As a workaround, it should be possible to manually "expire" a cache by changing its cache:key. While this would require to commit .gitlab-ci.yml, this also allows one to keep track of cache expires and to possibly reuse old caches when applicable.
Do note that expiring/excluding caches from GitLab interface still is a feature I did like to see implemented. A cache:expire_in key also would be useful.
I'm seeing an issue where the container instances for gitlab-runner-cache are not being removed, meaning over time the storage space on the server gets eaten up. I've found the script mentioned by @XenoPhage to resolve this for me.
e.g. output of docker ps
004899d9e74c 79356b9f1081 "gitlab-runner-cache " About an hour ago Exited (0) About an hour ago runner-f0002f4f-project-864-concurrent-2-cache-fe81c1caa0290d16 79356b9f1081 "gitlab-runner-cache " About an hour ago Exited (0) About an hour ago runner-f0002f4f-project-132-concurrent-0-cache-5f299e3321eb6a59 79356b9f1081 "gitlab-runner-cache " About an hour ago Exited (0) About an hour ago runner-f0002f4f-project-864-concurrent-1-cache-fe8164e67df04f6e 79356b9f1081 "gitlab-runner-cache " About an hour ago Exited (0) About an hour ago runner-f0002f4f-project-864-concurrent-0-cache-fe81
also I have found a large number of volumes listed with docker volume ls. These volumes appear to be linked to the cache container (when I tried to remove one, it stated it was in use by a gitlab-runner-cache container.)

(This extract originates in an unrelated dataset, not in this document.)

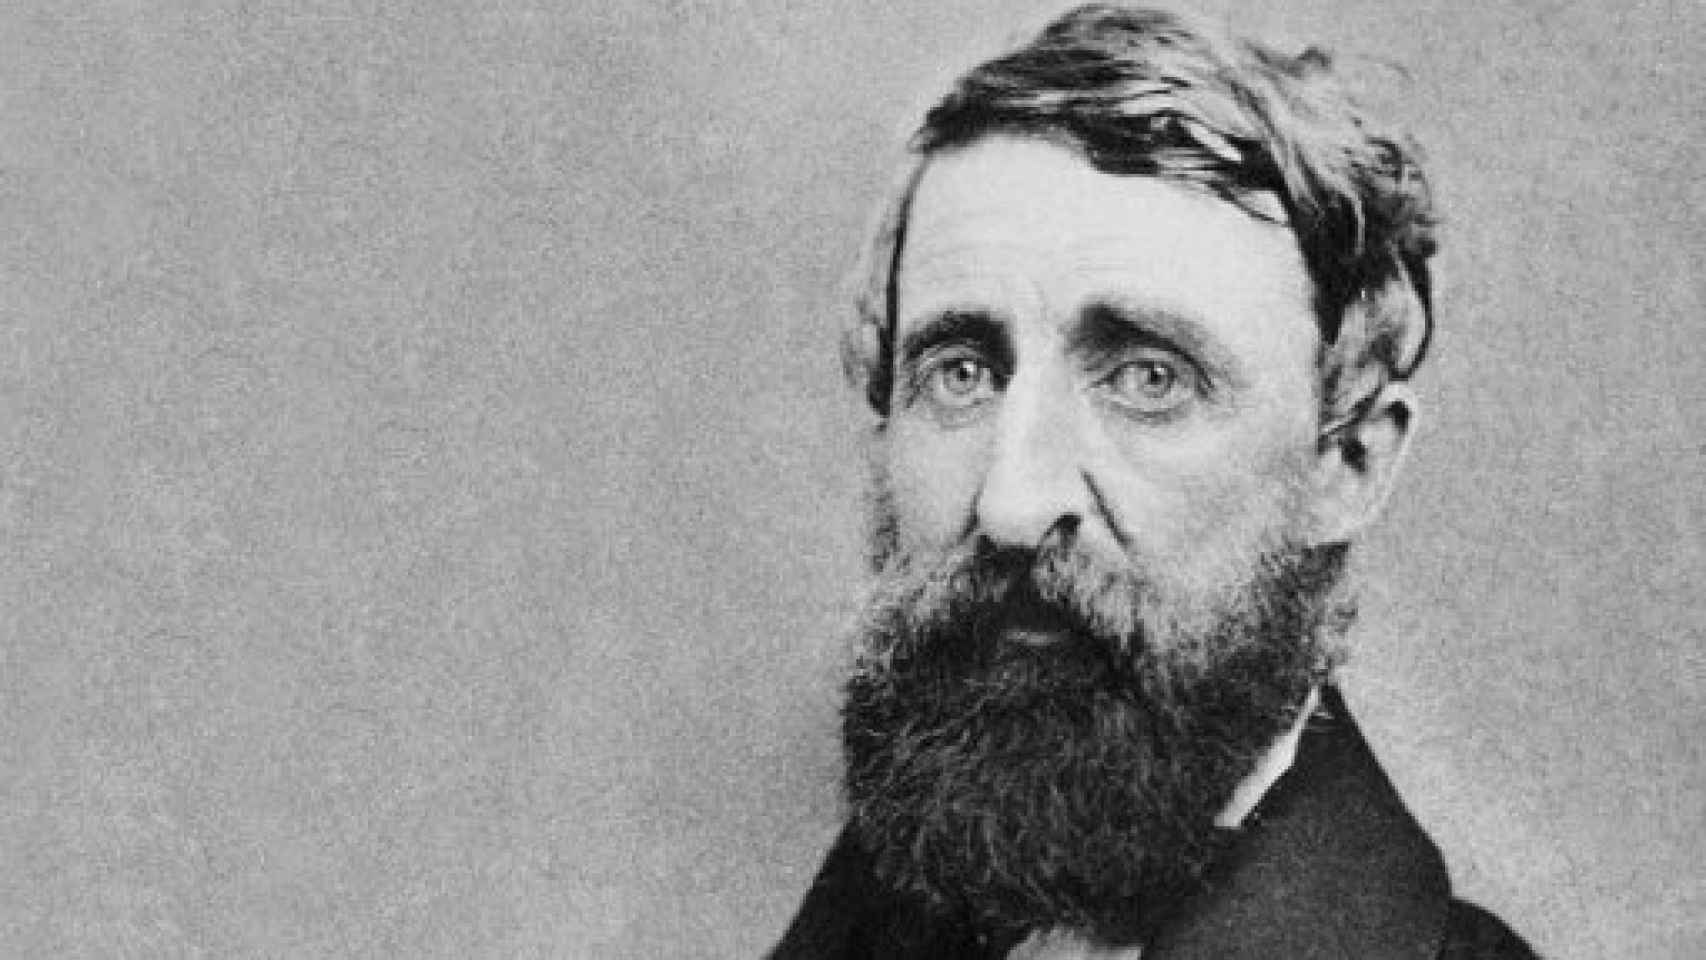 Image: La vida salvaje de Thoreau

It may be related, the volumes arn't removed because the gitlab-runner-cache isn't remove
I'm running gitlab-ci-multi-runner 1.8.0 package install on ubuntu server 16.04
@ayufan I suggest two ways of cache clearing, a keyword in the commit message, when the developer is aware of possible failures due to the cache, or in some scenarios when an MR is accepted, some integration policies prefer rerunning all the steps for stable branches !ex:[skip cache], or from the gitlab interface, a feature like Retry without cache when the problem occurs.

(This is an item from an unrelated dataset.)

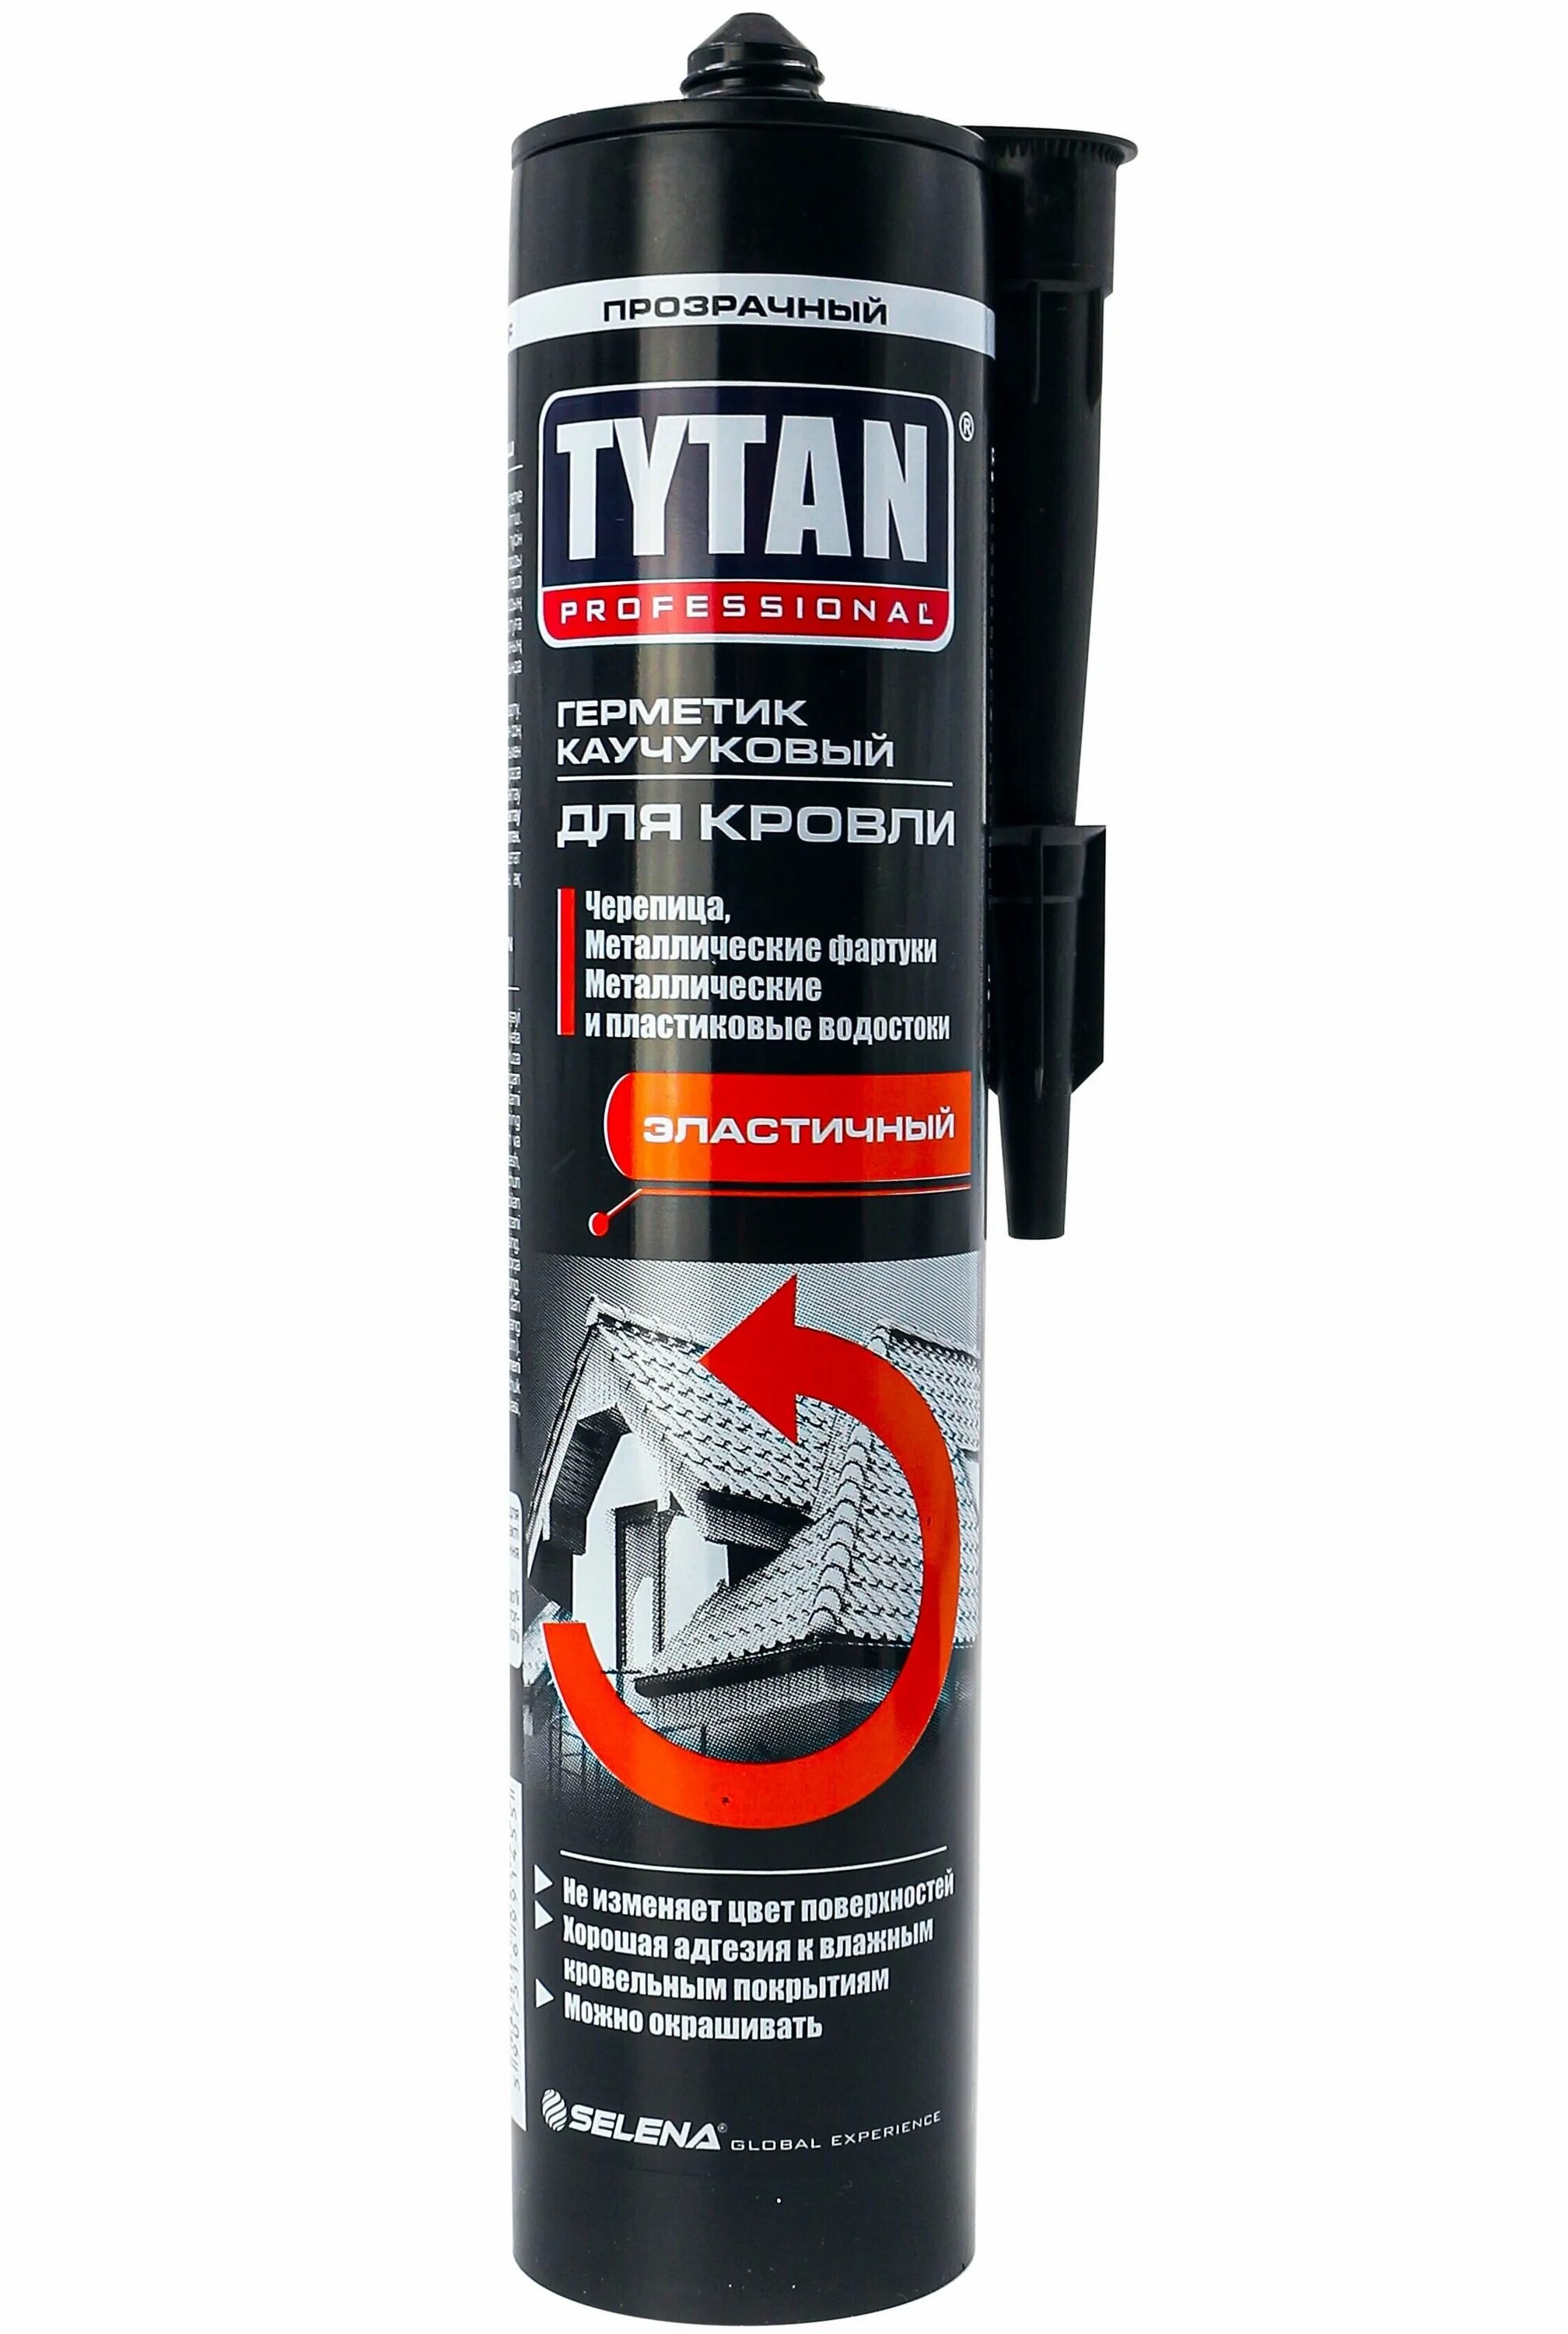 Герметик Tytan professional каучуковый бесцветный 310мл. Tytan специализированный герметик для кровли бесцветный 310 мл. Герметик Tytan каучуковый для кровли. Tytan professional герметик каучуковый для кровли прозрачный 310 мл. Герметик tytan professional 310 мл

I upgraded a few projects from node7/npm4 to node8/npm5 and the builds failed because of a cached node_modules directory. Could only solve this by adding a new job to .gitlab-ci.yml:
The result is two extra commits per project, which could be avoided if there was a tick saying Reset cache on the New Pipeline page. A more advanced option would be a parsable trigger in the commit message, similar to how this is done for [ci skip]. This could be called like [ci reset-cache].
Sadly, a hack that I've applied does not work for cases when each branch, stage oe job has got its own cache key. A tick in GitLab UI or a working [ci reset-cache] label in a commit message would be much more useful here.
@ayufan I'm fine with that, but not sure about the UX impacts for it. Having the option when running a pipeline manually is feasible, but it's not the same as just reset the cache for the next process.
Also, who should be able to do that? Only Masters or anyone that can run a pipeline?
Maybe a button in the project settings could be an option too.
I was thinking about sending a number to the runner to indicate the used cache version, thus allowing you to clear cache on per-project basis. Instead of removing, we assume that cache is garbage collected, but we send indicator (incremental number) that we want to use a new cache. We use this number to construct on the runner the cache:key. Technically we do not clear cache, but we force all subsequent jobs to use a new / freshly build cache, as the cache:key would not match.
On Frontend we could then have a simple button: Force cache refresh, which would simply increment the cache_version in database that is send to runner.